> [Available data]
*** Begin section ***

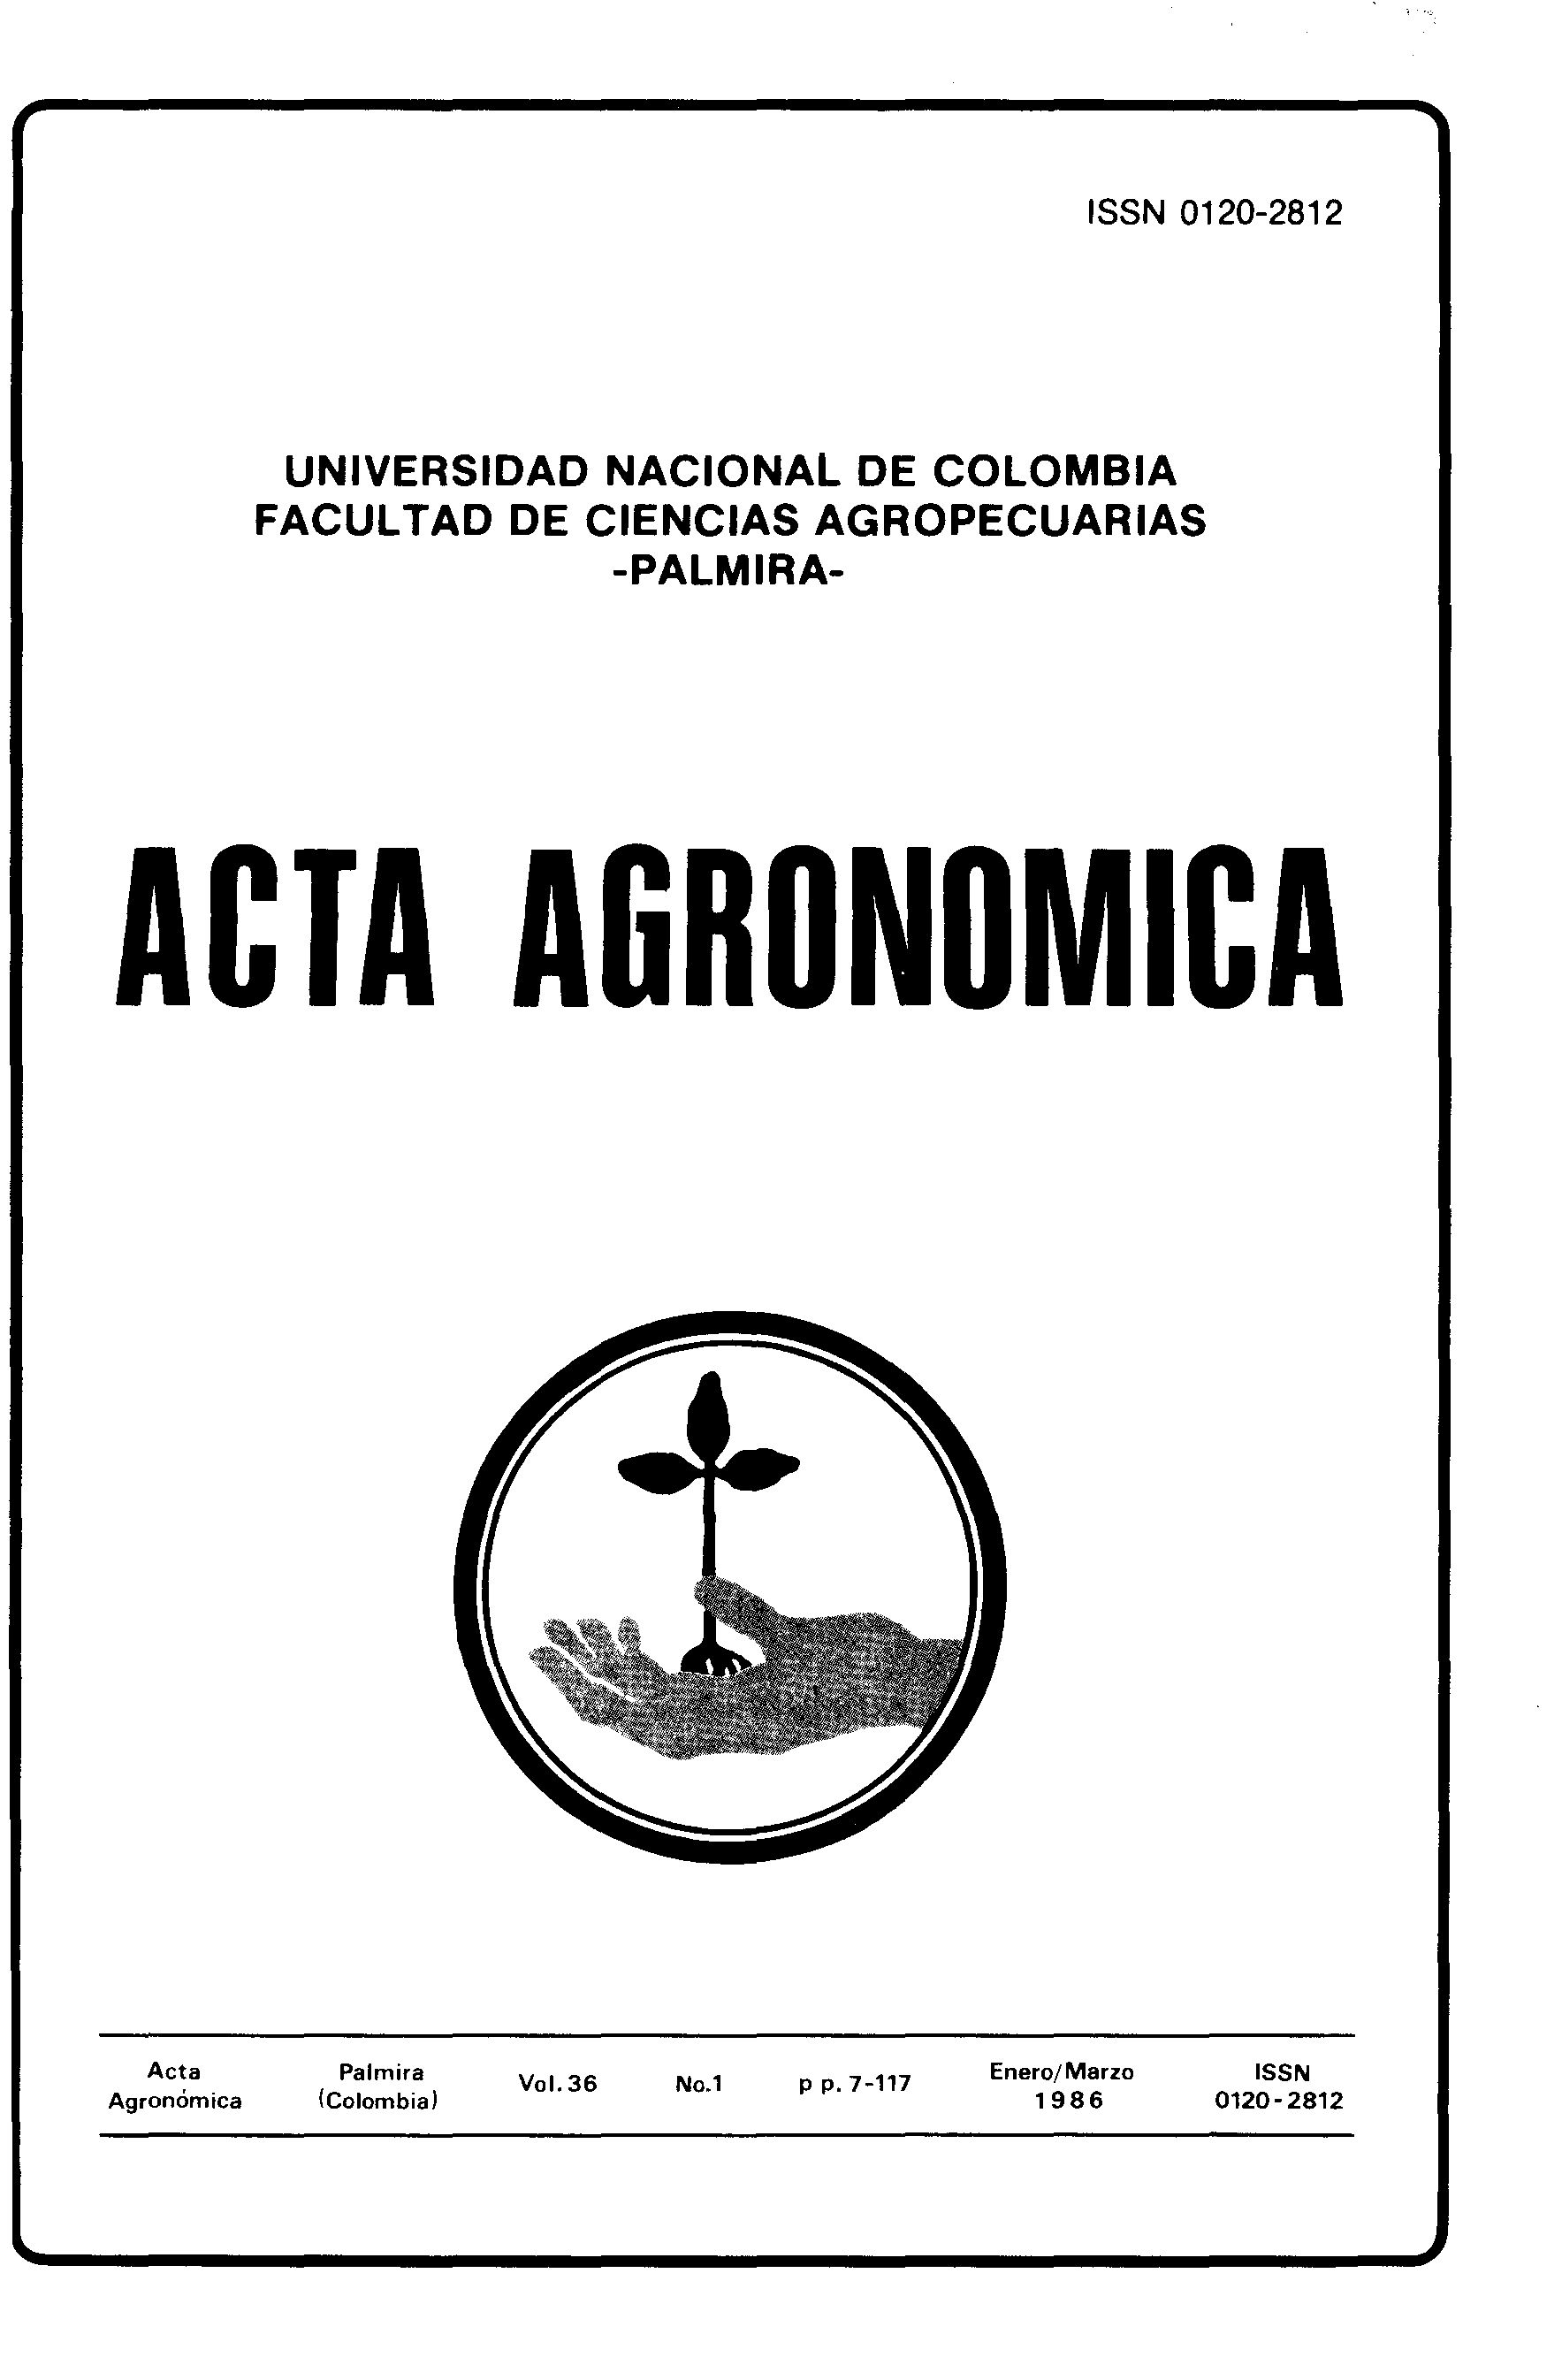 Acta Agronómica, Vol 36, No 1 (1986)
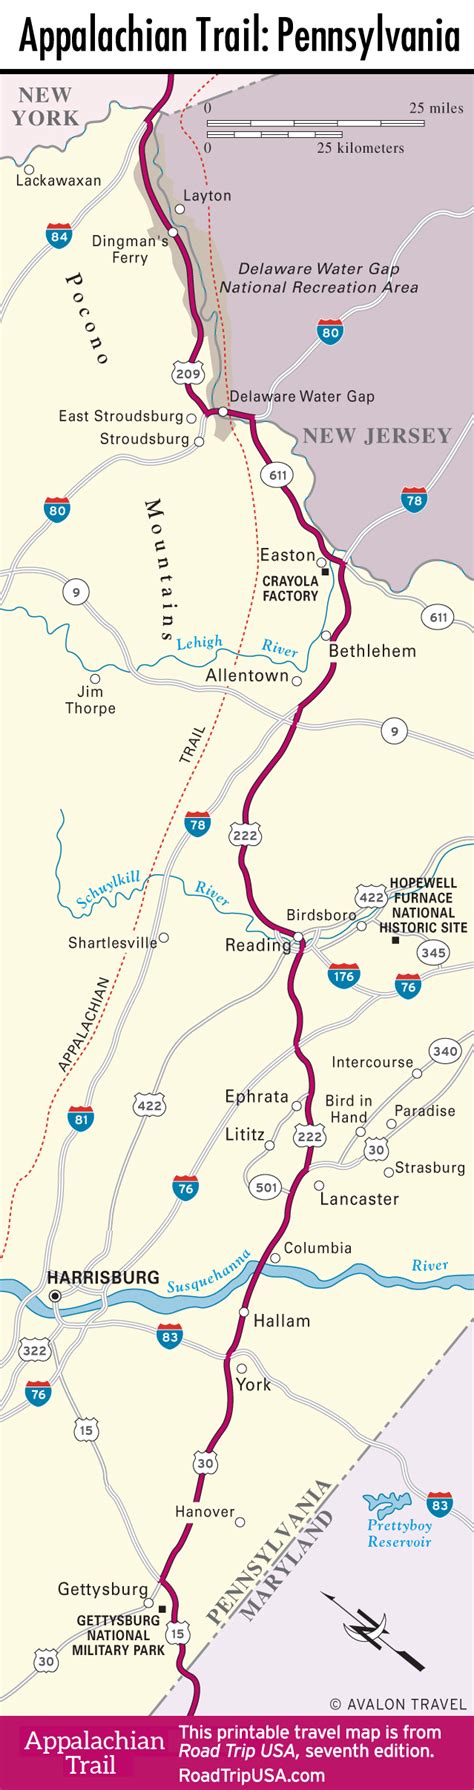 The Appalachian Trail Through Pennsylvania Road Trip Usa
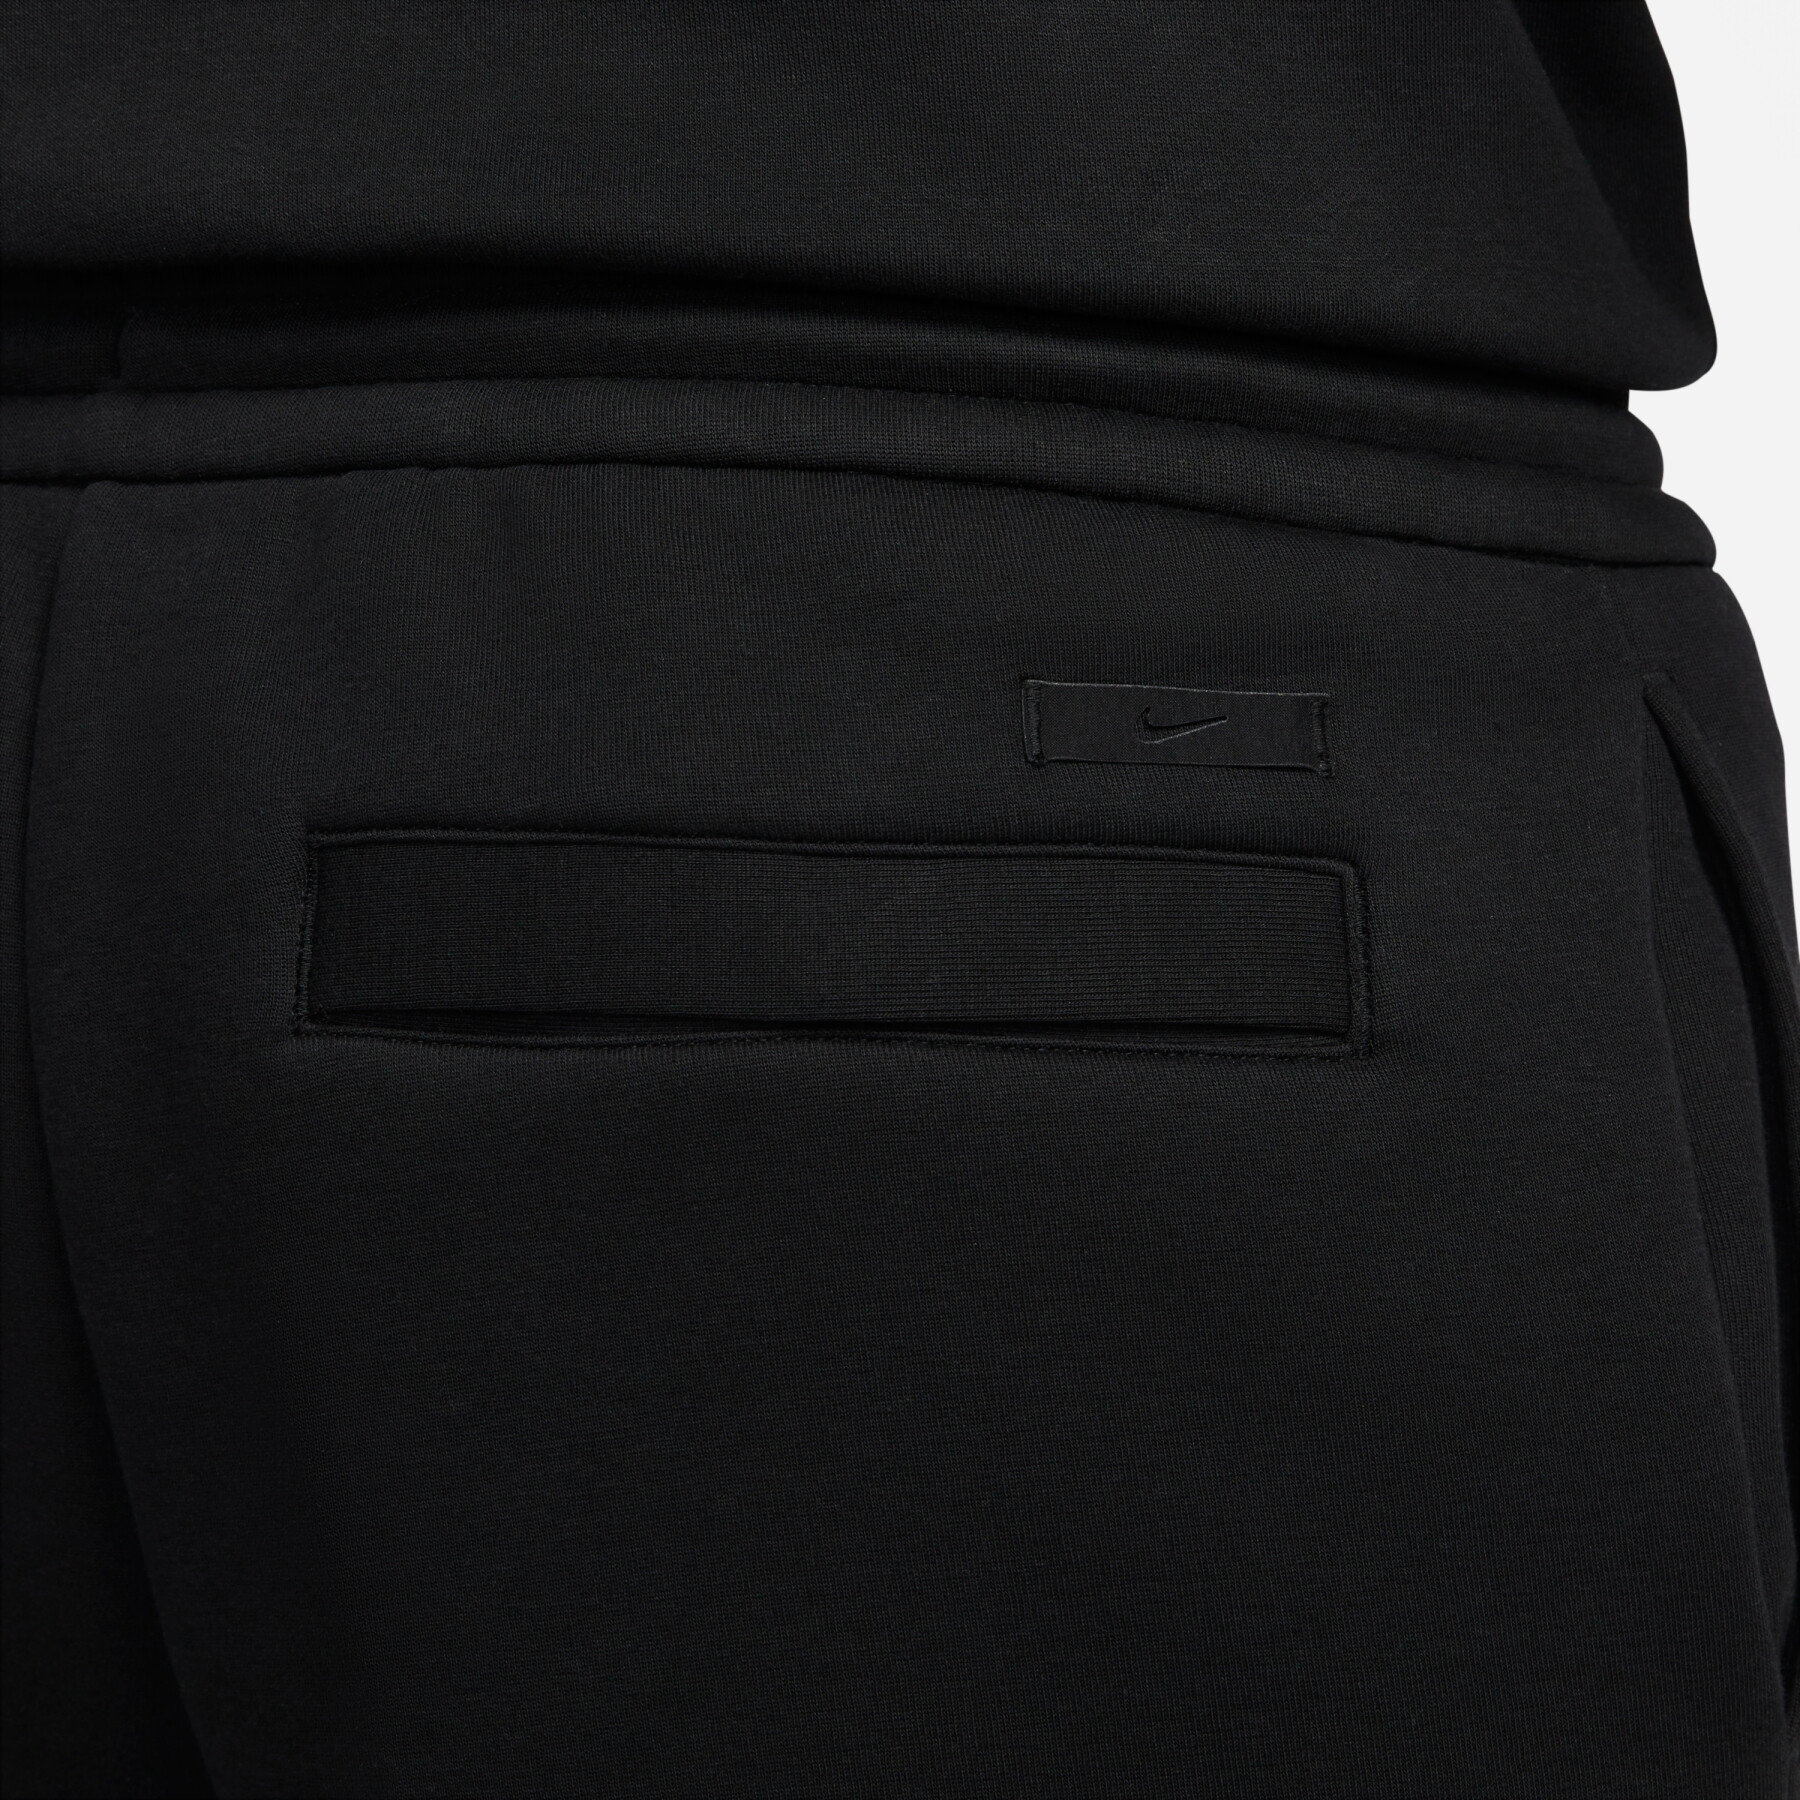 Lockere Jogginghose mit offenem Saum Nike Tech Fleece Reimagined

*** End section ***

Without the pictures, repeat the listing exactly as it reads.

 Acta Agronómica, Vol 36, No 1 (1986)
 The Appalachian Trail Through Pennsylvania Road Trip Usa
 Lockere Jogginghose mit offenem Saum Nike Tech Fleece Reimagined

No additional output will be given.